§ Task instructions
Give back the data below word for word. Any image in it should be left out.

§ The data

--- START ---

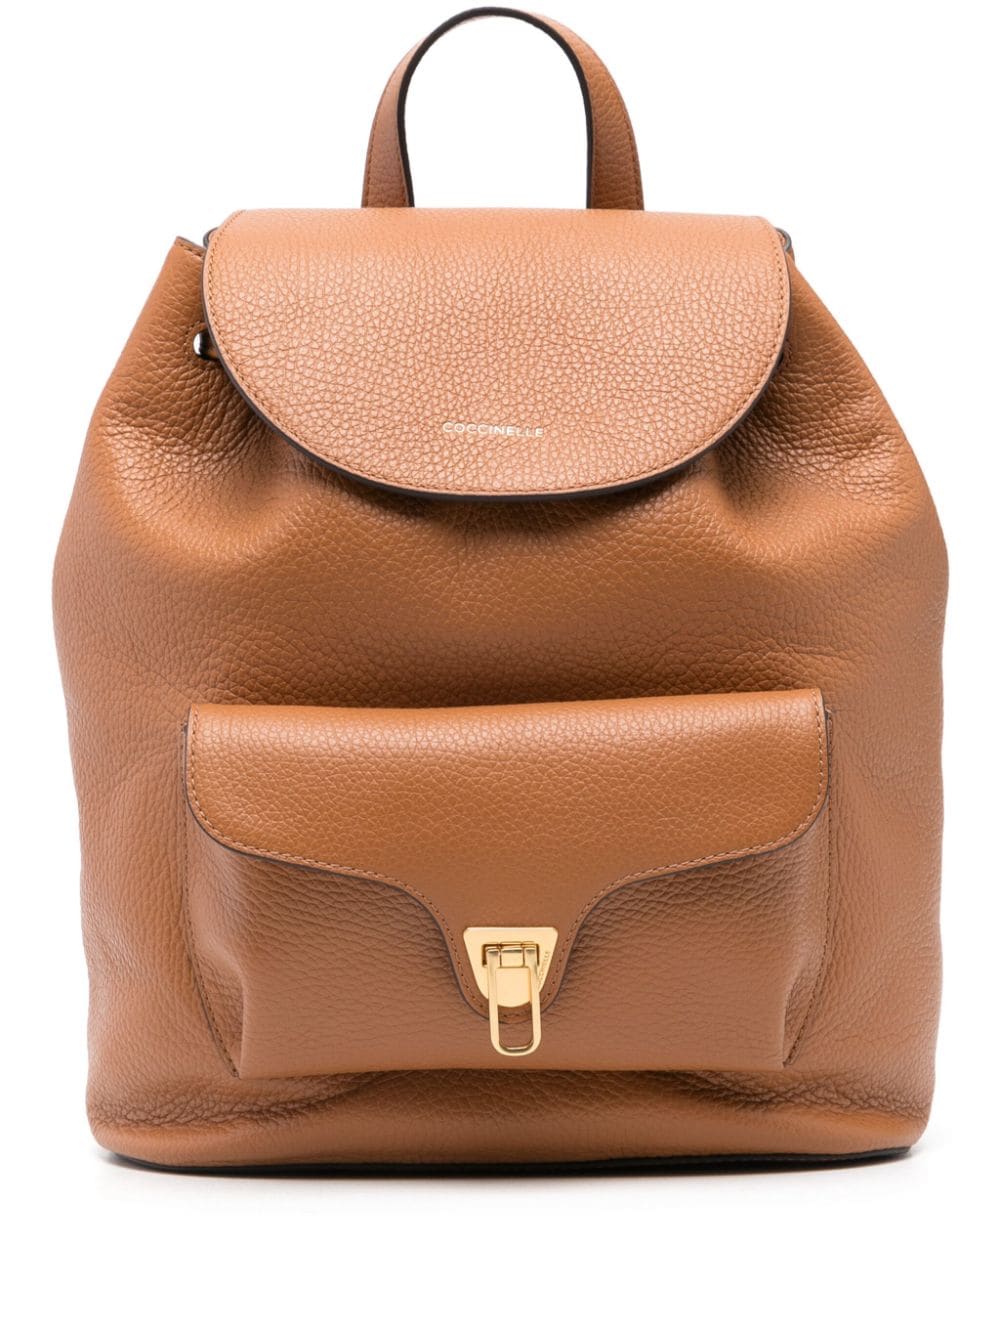 Coccinelle Beat leather backpack - Brown von Coccinelle
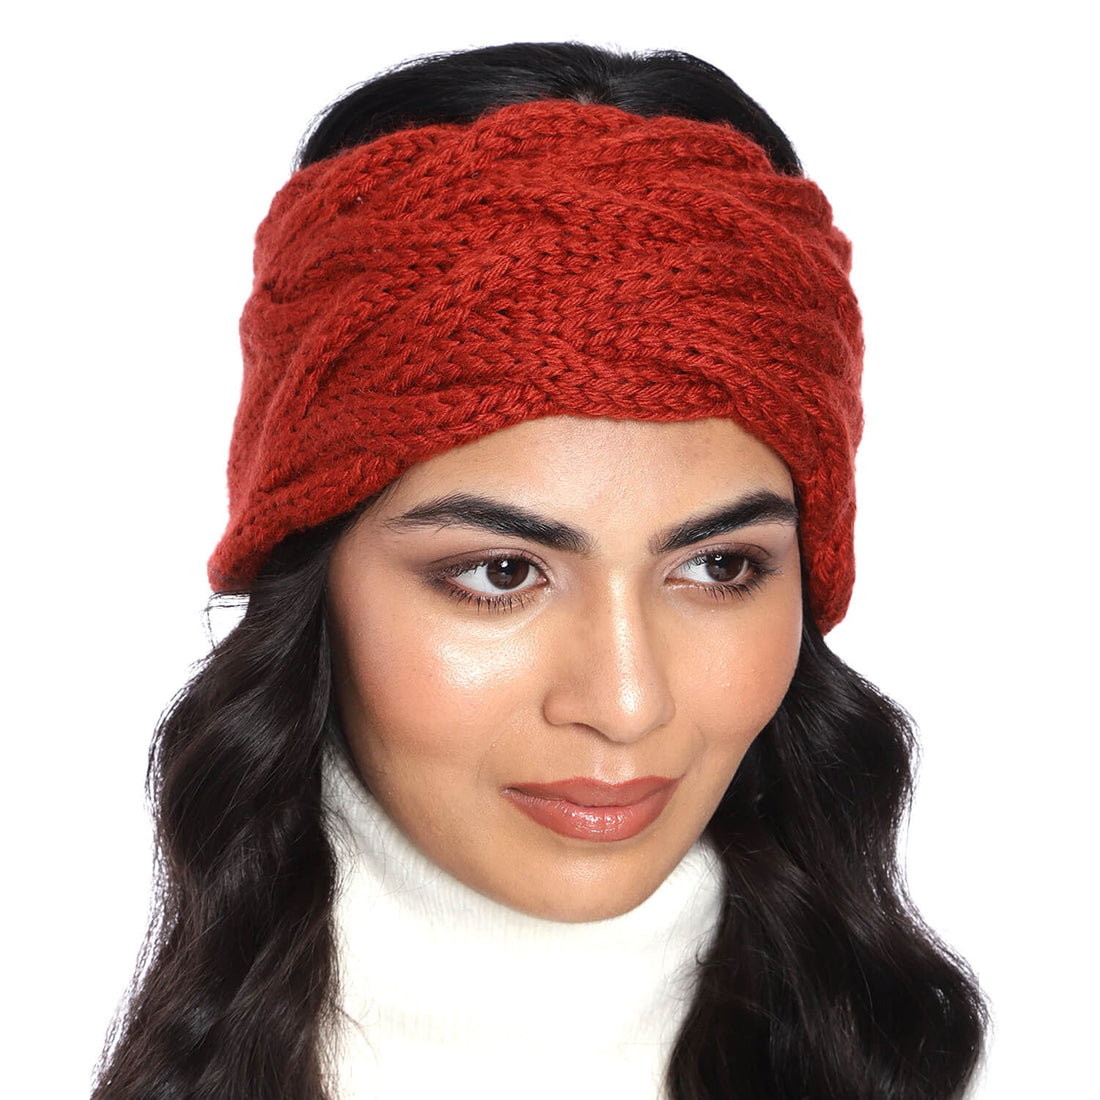 Double Cable Headband - Brick Red 108
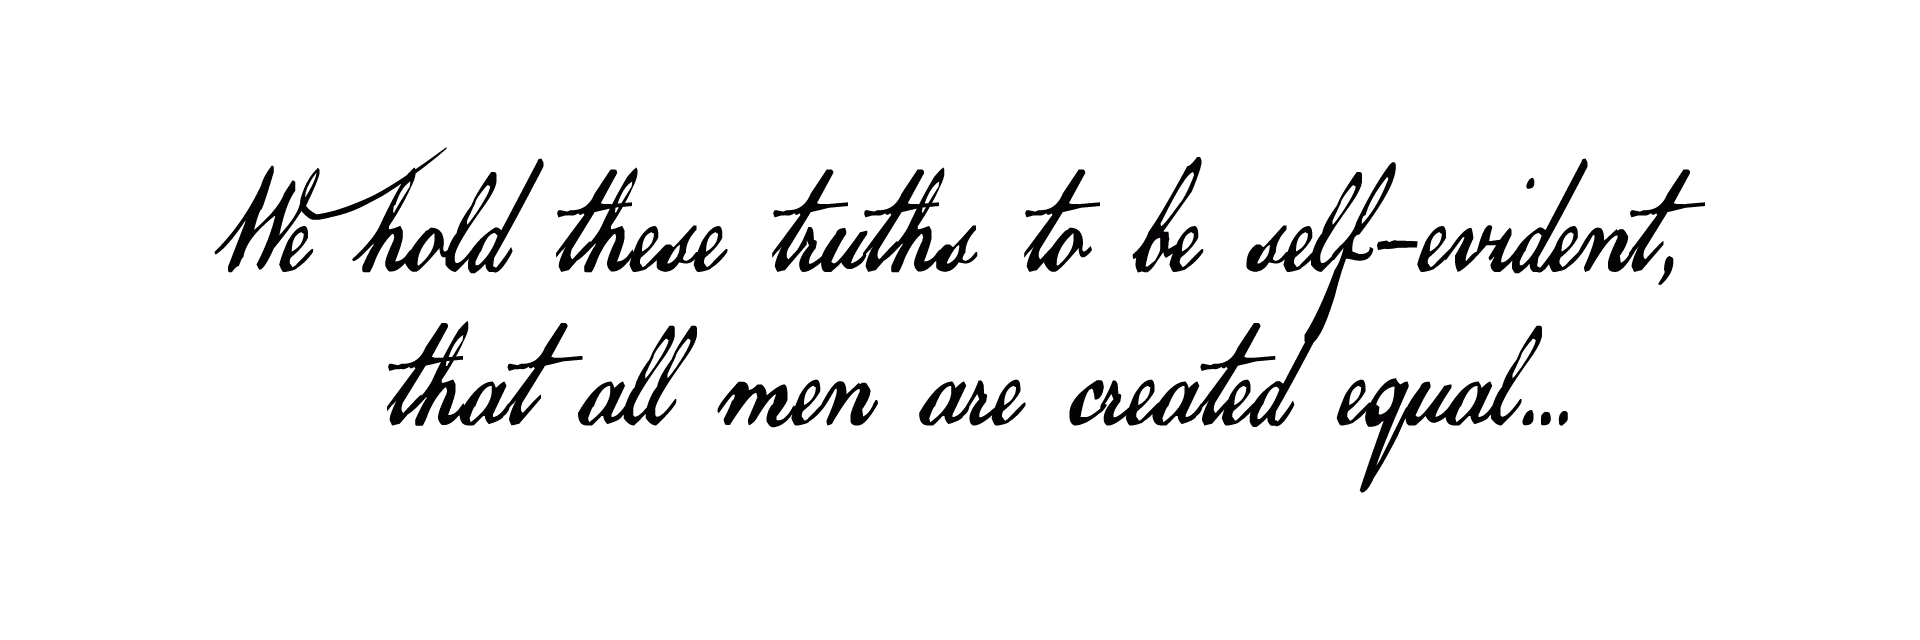 We hold these truths to be self-evident, that all men are created equal...
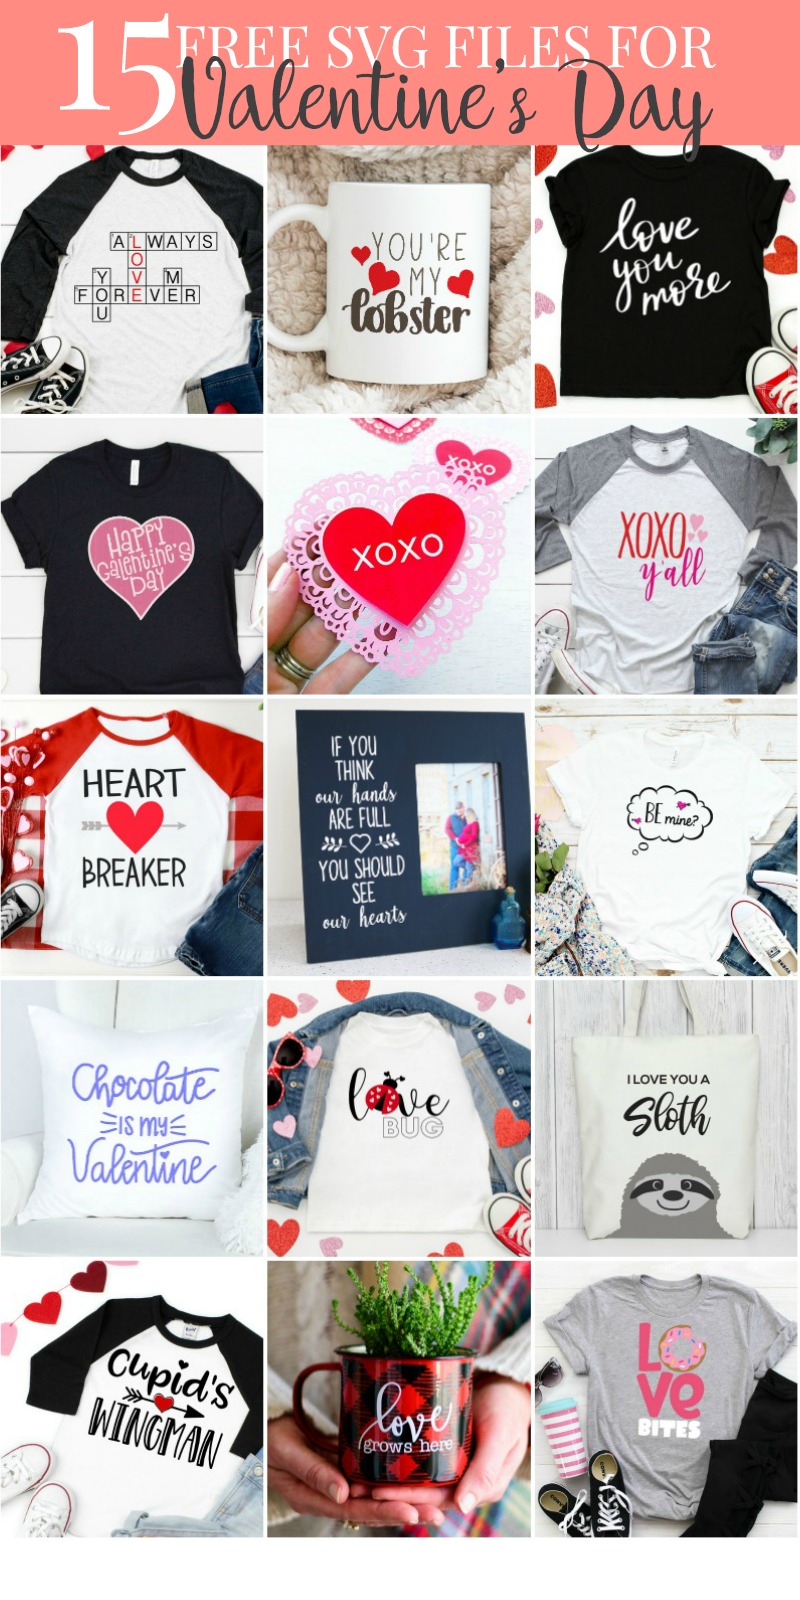 Get these 15 free SVG files for Valentine's Day! A fun way to use your Cricut or Silhouette to make something special! #svg #freesvg #svgfile #cricut #cricutmade #silhouette

--- END ---

§ Expected answer
 Coccinelle Beat leather backpack - Brown von Coccinelle
 Double Cable Headband - Brick Red 108
 We hold these truths to be self-evident, that all men are created equal...
 Get these 15 free SVG files for Valentine's Day! A fun way to use your Cricut or Silhouette to make something special! #svg #freesvg #svgfile #cricut #cricutmade #silhouette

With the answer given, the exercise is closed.